Bank Leumi CEO Russak-Aminoach to step down after seven years at helm

Russak-Aminoach has navigated the bank through job cuts, orchestrated the sale of its credit card unit and reached a $400 million settlement with US regulators

Shoshanna Solomon was The Times of Israel's Startups and Business reporter

Rakefet Russak-Aminoach arrives at the appointment ceremony of Incoming head of Bank of Israel Professor Amir Yaron held in Jerusalem. Professor Yaron is replacing Karnit Flug. December 24, 2018 (Yonatan Sindel/Flash90)
Rakefet Russak-Aminoach arrives at the appointment ceremony of Incoming head of Bank of Israel Professor Amir Yaron held in Jerusalem. Professor Yaron is replacing Karnit Flug. December 24, 2018 (Yonatan Sindel/Flash90)

The CEO of Bank Leumi-Le Israel Ltd. Rakefet Russak-Aminoach on Sunday announced her resignation within the next few months after seven years at the helm of the nation’s largest bank by market cap.

In a statement to the Tel Aviv Stock Exchange on Sunday, the bank said that Russak-Aminoach will step down after the board of directors decides on her replacement. It did not provide a reason for her decision to depart.

Financial website Globes said Russak-Aminoach was in talks to join Israeli firm Team8, a cybersecurity think tank and investor. Team8 and Moody’s Corp., the ratings agency, said last week they will be setting up a joint venture for what they hope will become a global standard for evaluating how vulnerable companies are to cyberattacks.

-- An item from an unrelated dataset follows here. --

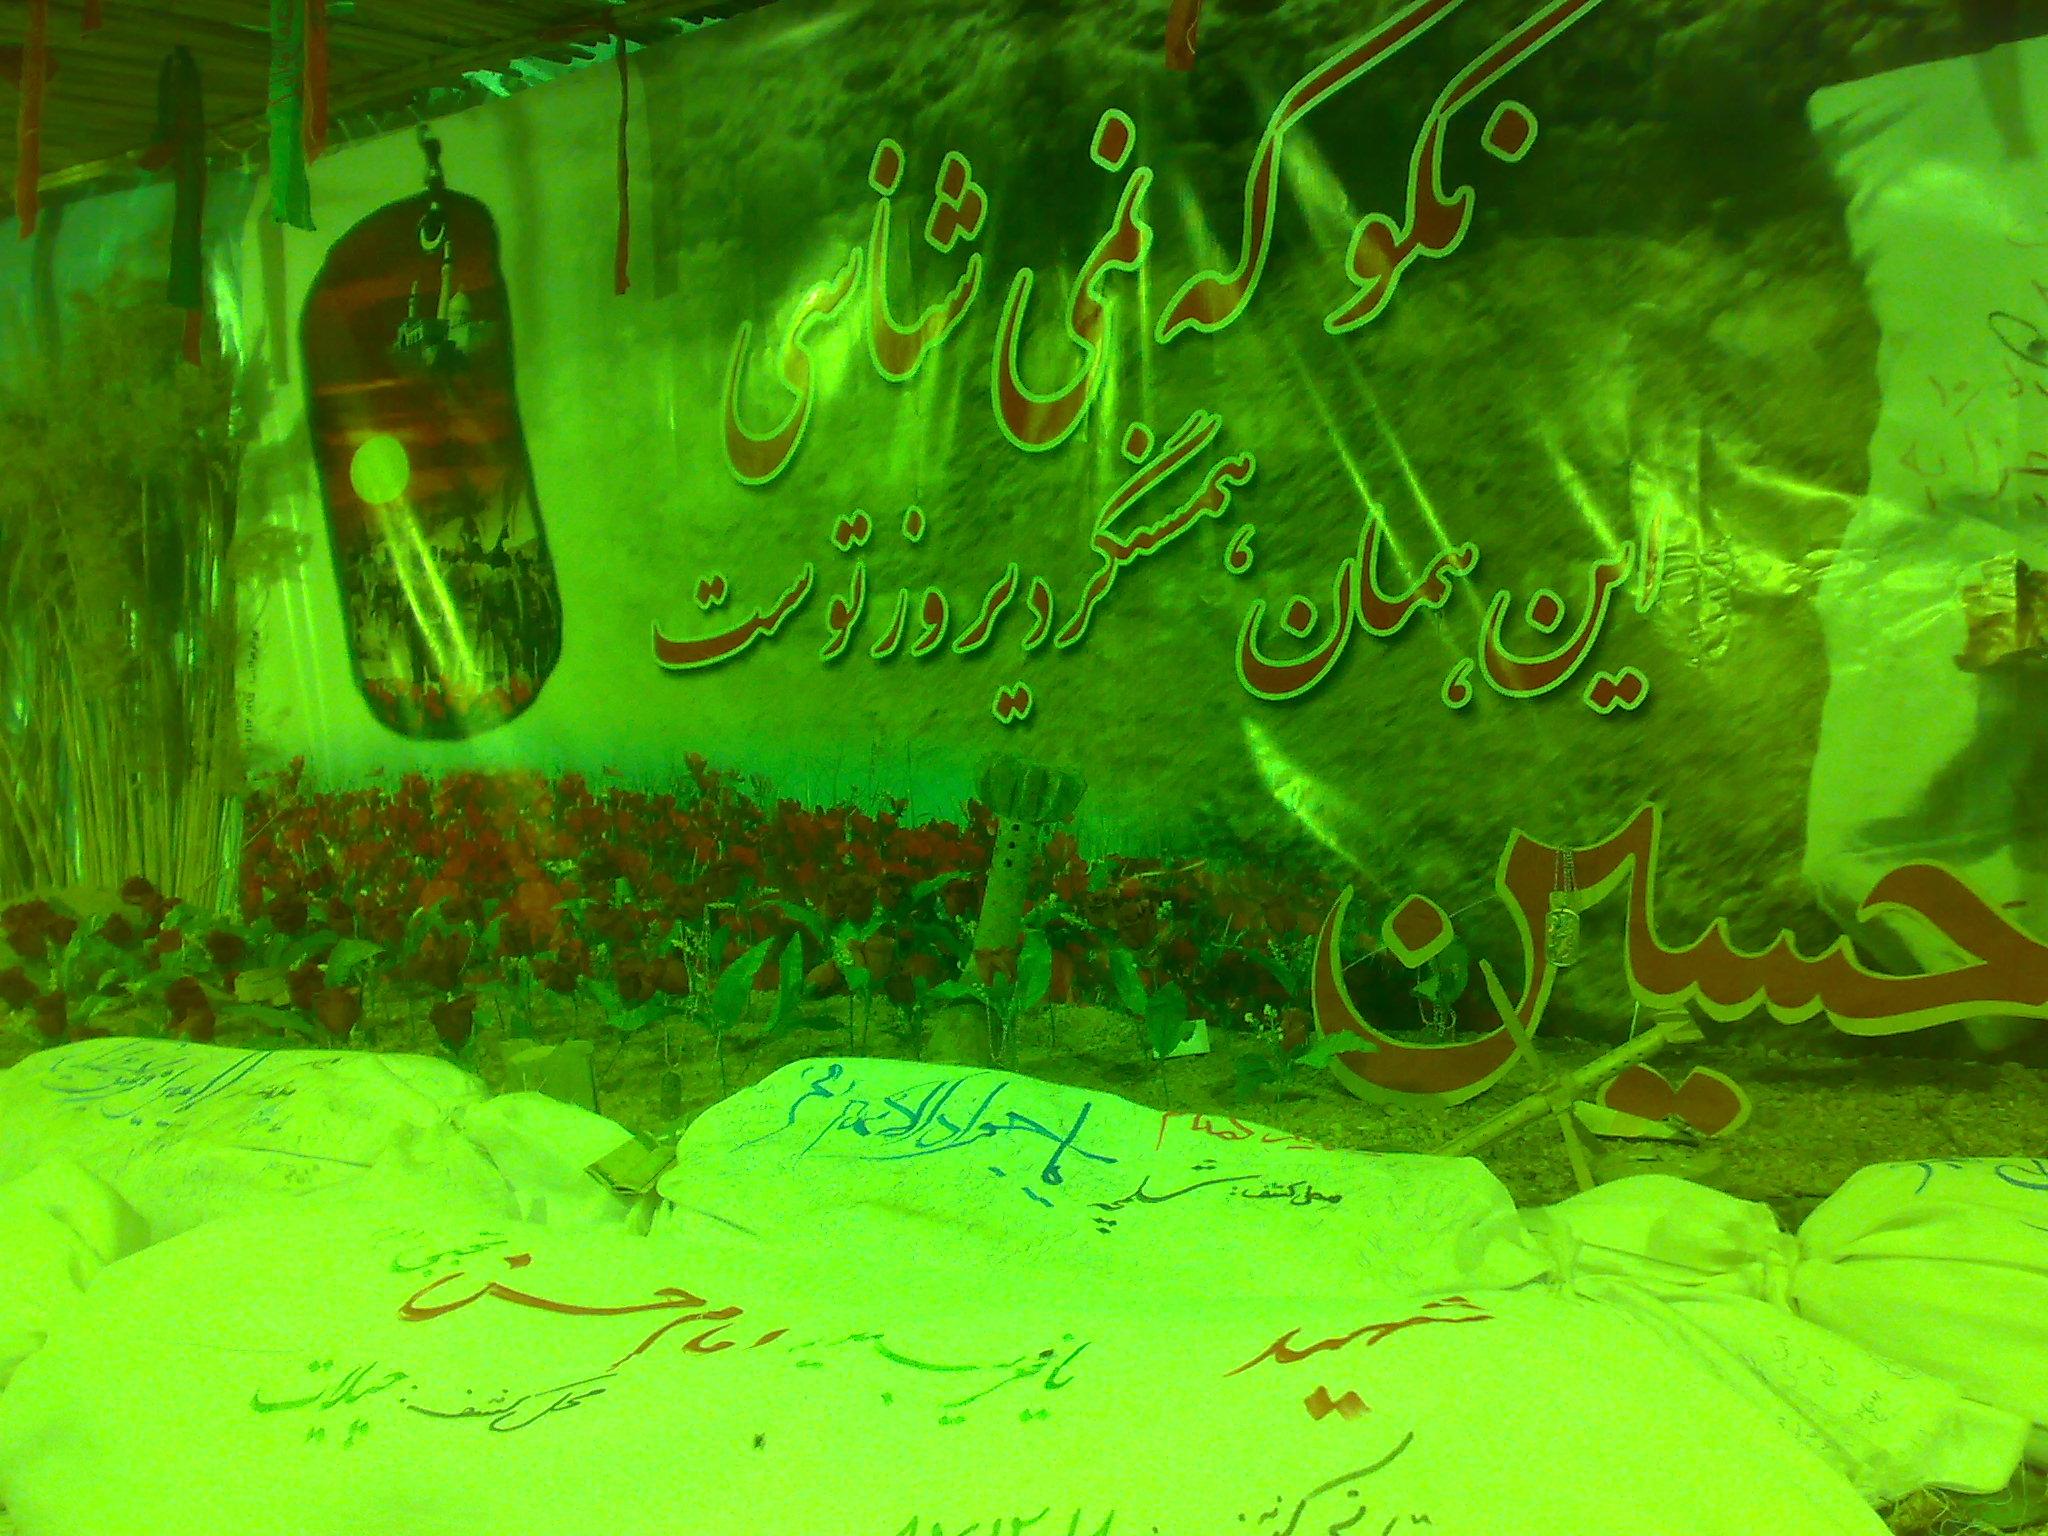 معراج شهدای مقر تفحص شهدای شهید محمودوند اهواز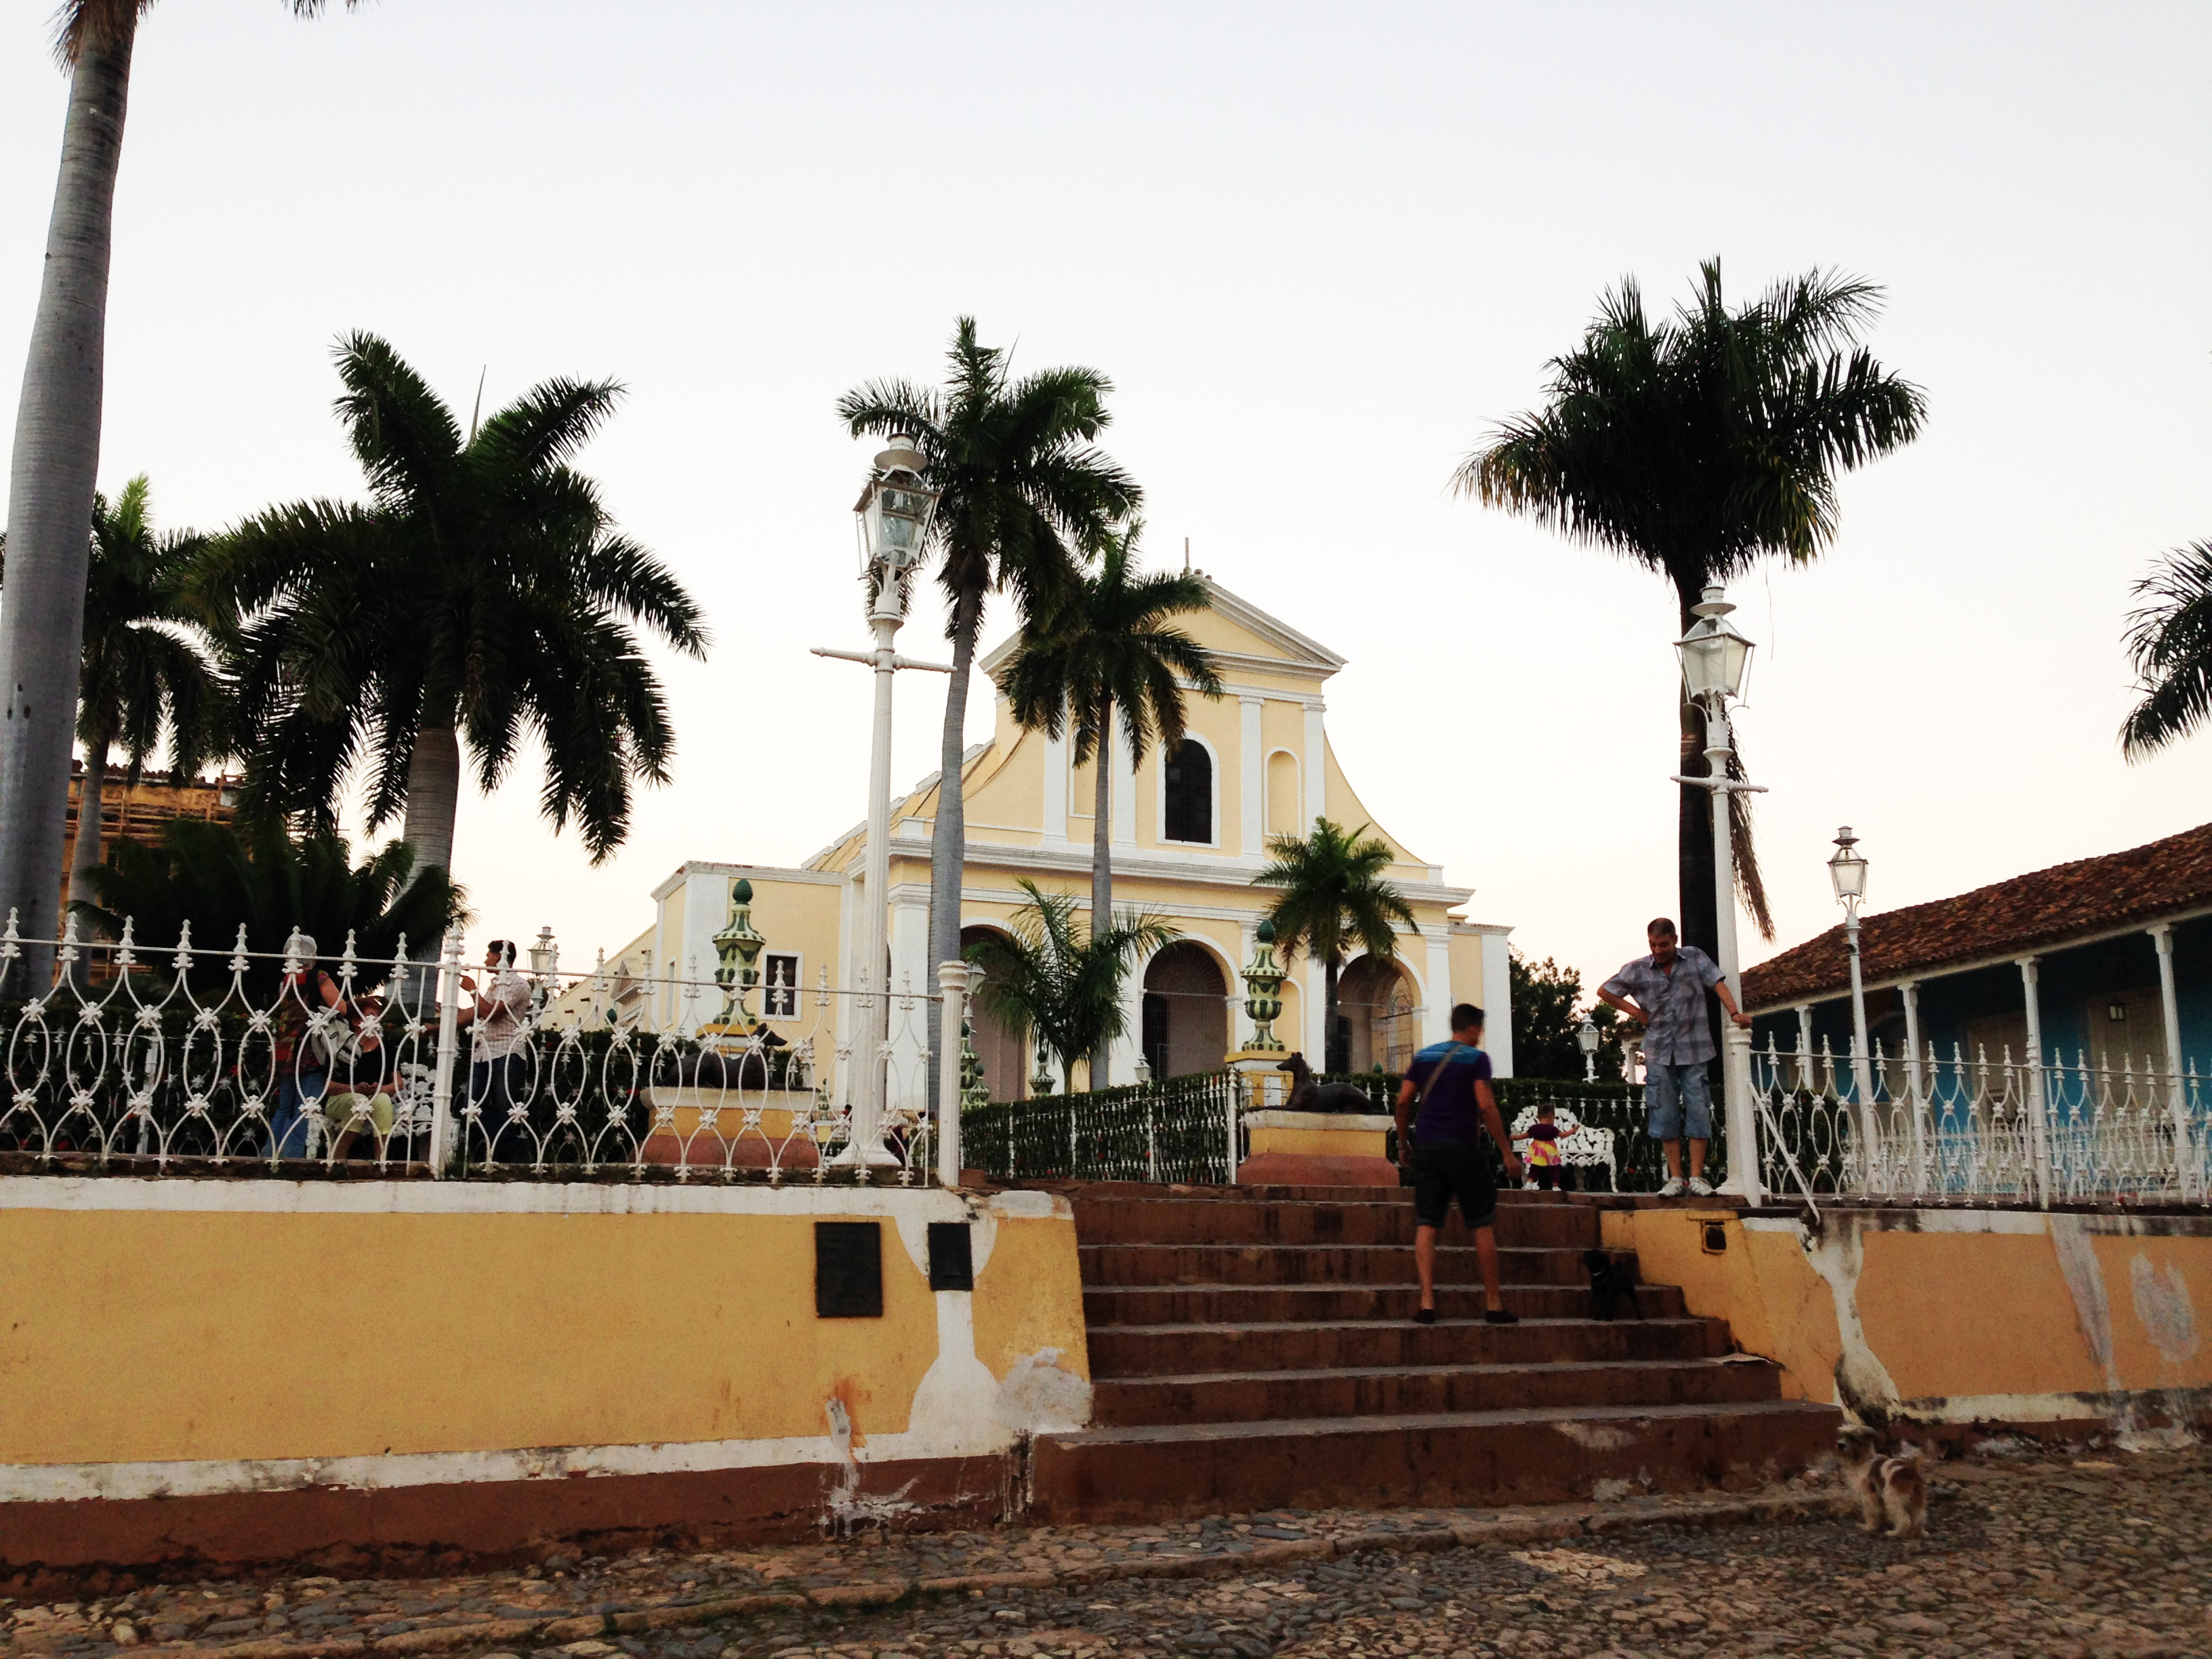 Arco di Trionfo - Cienfuegos

Spokespeople for Bank Leumi and for Team8 declined to comment on the Globes report.

Shares of Leumi declined 1.6 percent, compared with a 1.2% rise of the TA-35 blue-chip index on Sunday.

“At the end of seven years in which I have been the CEO of Leumi, I have decided that the time has come to leave,” she said in a letter to the chairman of Leumi board, David Brodet, who is also leaving the bank. “Alongside the wide-ranging business achievements and reaching the targets we set ourselves, we have also invested a lot in building a strong infrastructure to ensure the future of the bank for many years ahead.”

Russak-Aminoach has been at the bank since 2004 and has served as its CEO for the past seven years, navigating the bank through challenging times for the banking industry, which is seeing online challengers and institutional investors taking a bite of their market share. She has overseen job cuts at the firm, orchestrated the sale of its credit card unit to Warburg Pincus LLC, set up a digital bank subsidiary, and most importantly in 2014 reached a $400 million fine agreement to settle a US Department of Justice investigation into its activity helping US customers evade taxes in 2002-2010.

Leumi has a market cap of NIS 38.3 billion ($10.7 billion) and its share has advanced 22 percent in the past 12 months. The shares of Bank Hapoalim, Israel’s second largest bank by market cap, have advanced 6.3% in the past 12 months, bringing its market cap to NIS 35.3 billion.

The news of Russak-Aminoach’s resignation comes as the CEOs of two of the nation’s other large banks are also in flux: Arik Pinto, the head of Bank Hapoalim is to step down at the end of 2019, and the CEO of Israel Discount Bank Ltd. Lilach Asher-Topilsky said she would step down to join a private equity fund.

In 2016, Israel passed a law capping bank executive compensation at NIS 2.5 million ($700,000) a year.